I want to prove that for $f:\mathbb{R}\to\mathbb{R}$ a continuous function such that $\int_{\mathbb{R}}\frac{|f(t)|}{1+t^{2}}dt<\infty$ ,for $z=x+iy$, $$u(z)=\frac{y}{\pi}\int_{\mathbb{R}}\frac{f(t)}{(x-t)^{2}+y^{2}}dt$$ is harmonic in the upper half plane $U=\{z\in\mathbb{C}:Im(z)>0\}$. For this I want to see that $u(z)$ is the real part of a holomorphic function, I obtain that $$u(z)= Re\left(\frac{1}{\pi}\int_{\mathbb{R}}\frac{i}{z-t}f(t)dt\right).$$
How can I prove that $\int_{\mathbb{R}}\frac{i}{z-t}f(t)dt$ is holomorphic?

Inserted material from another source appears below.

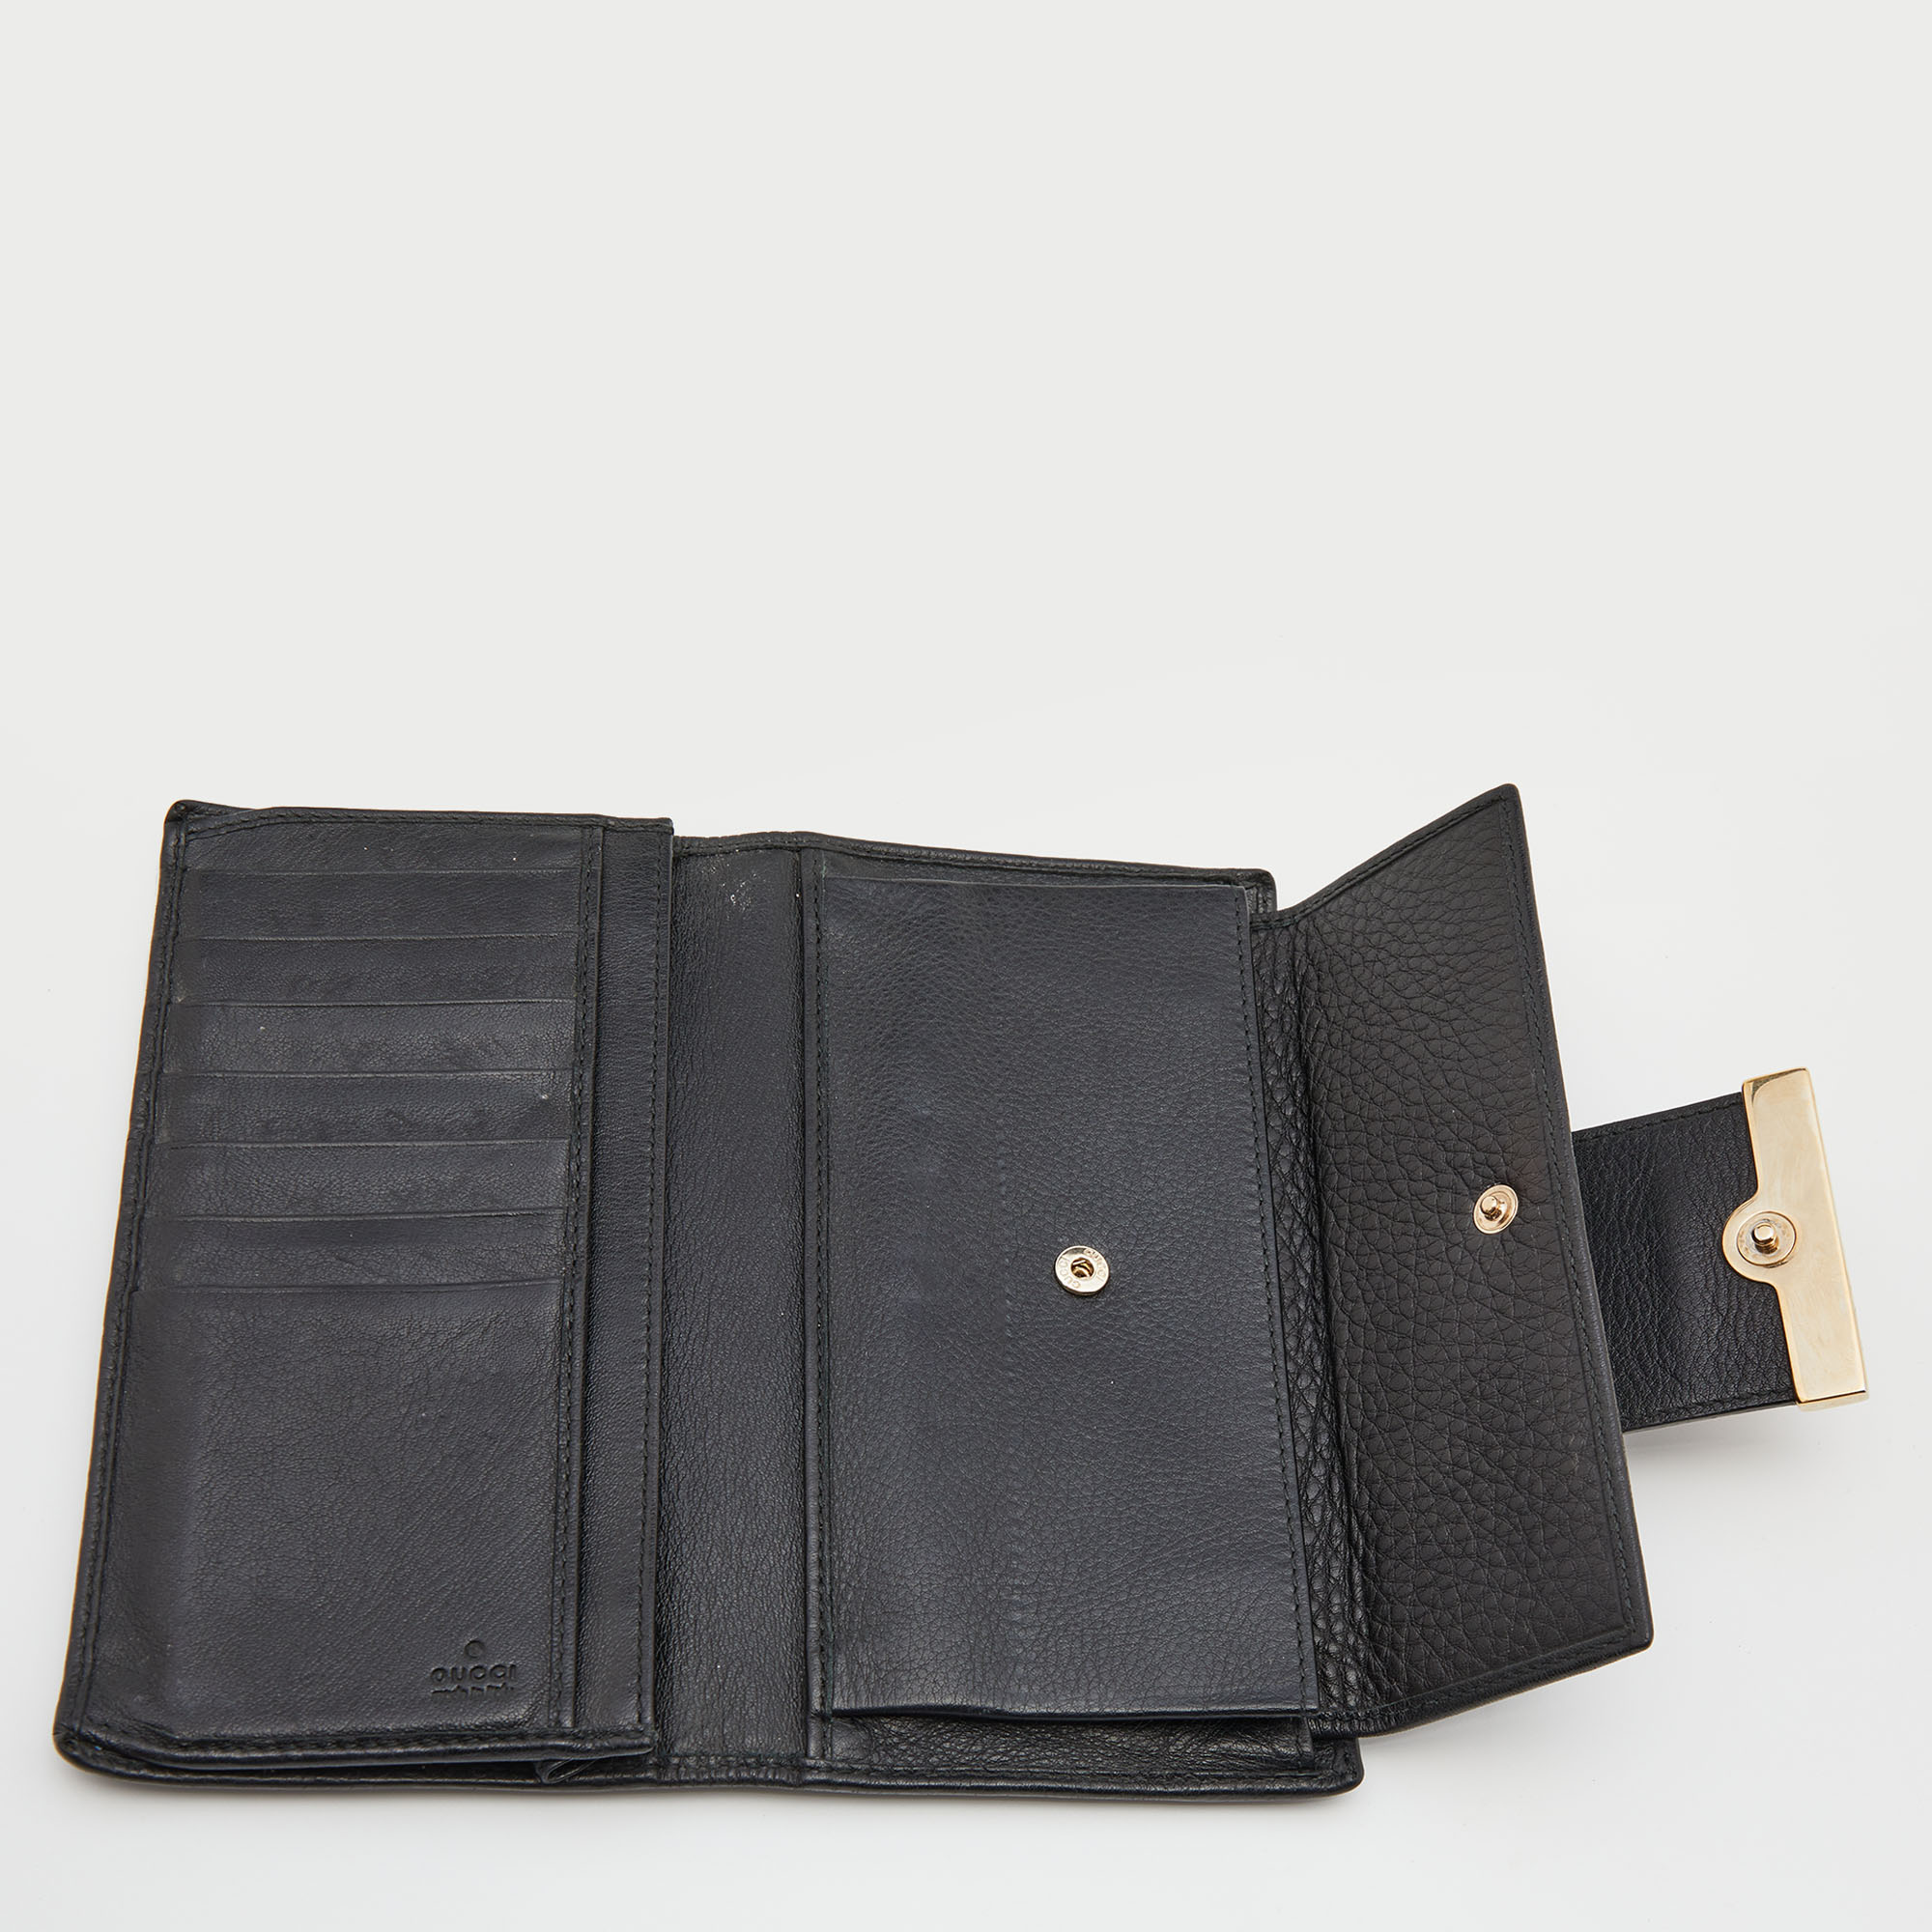 Gucci Black Guccisima Leather Continental Wallet
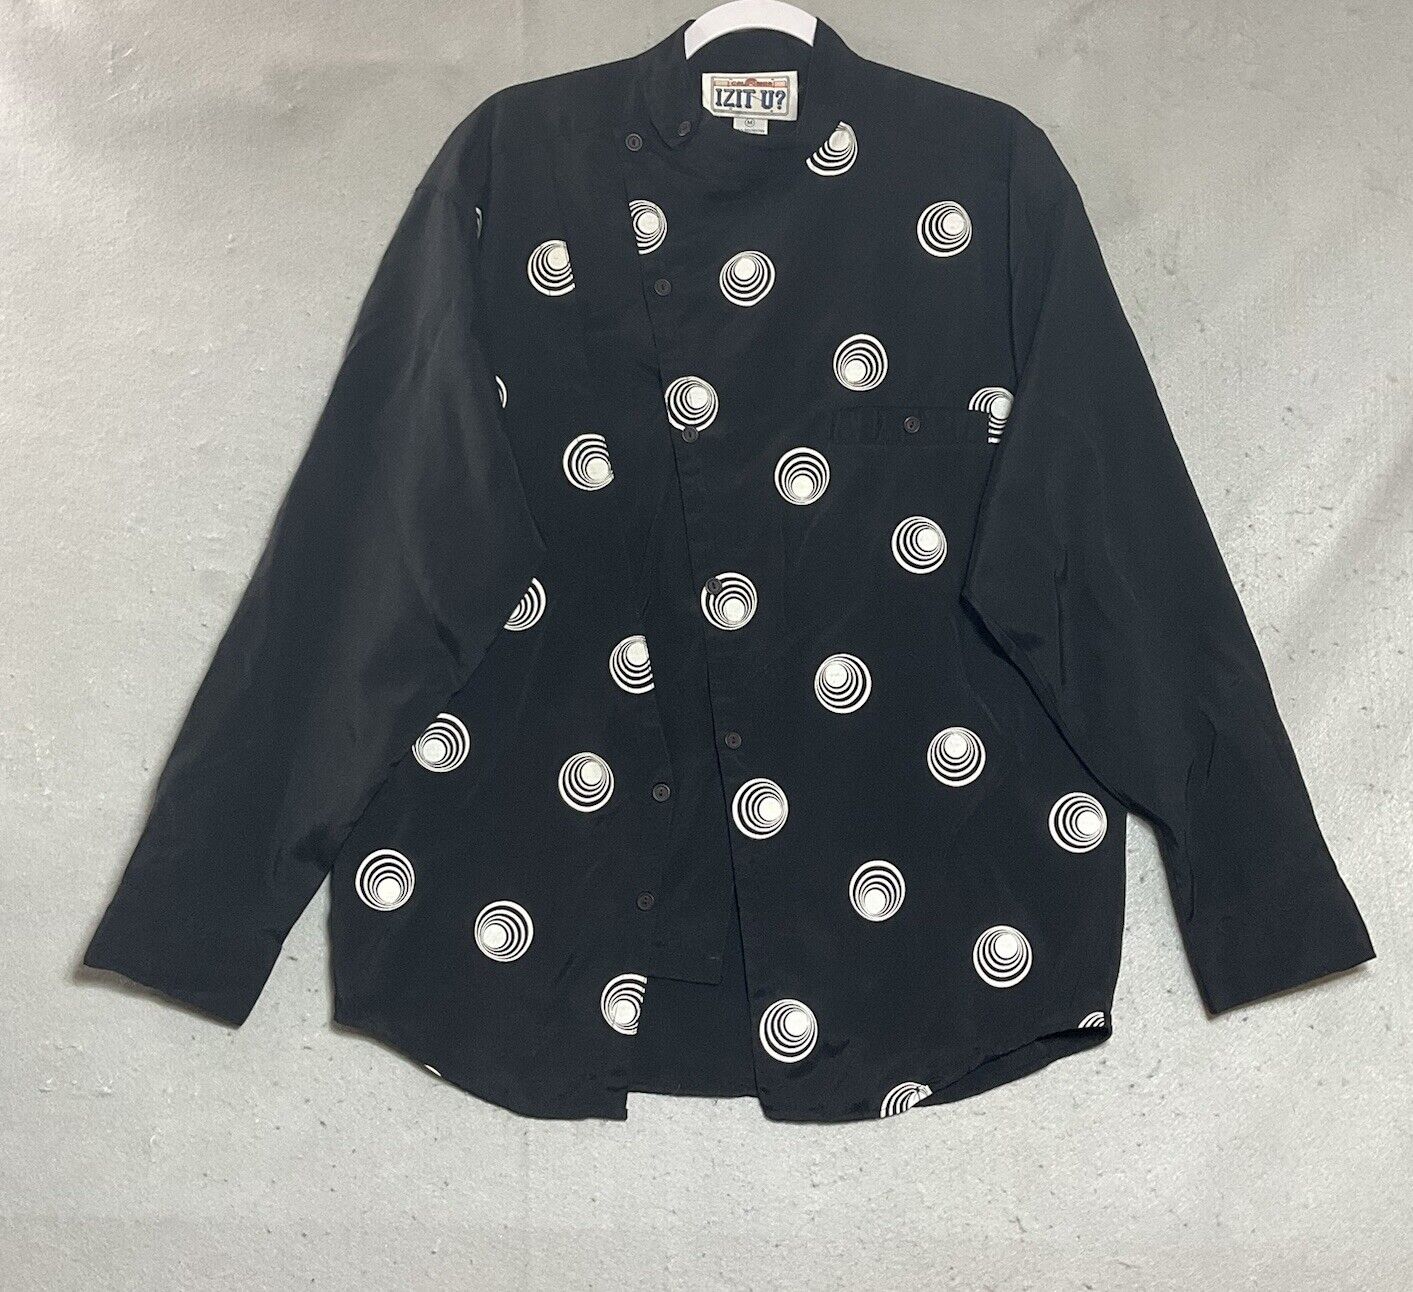 Vintage Top Shirt Womens Medium Black Geometric Oversize Retro Party Streetwear

Let $g(z)=\int_\mathbb R \frac 1 {z-t} f(t) dt$. The integral exists for $Im(z) >0$. [ Use the hypothesis and the fact that $\frac {1+t^{2}} {(x-t)^{2}+y^{2}}$ is a bounded function on $\mathbb R$. (Here x and y are the real and imaginary parts of z). Now consider $g(z+h)-g(z)= \int_\mathbb R (\frac 1 {z+h-t}-\frac 1 {z-t}) f(t) dt$ $= \int_\mathbb R (\frac {-h} {(z+h-t)(z+t)}f(t) dt$. Divide by $h$ and take the limit. Once again use the fact that $\frac {1+t^{2}} {(z+h-t)(z-t)}$ is uniformly bounded in $t$ for $|h| <y/2$ so Dominated Convergence Theorem can be applied to show that $g$ is differentaiable at each point of the upper half plane.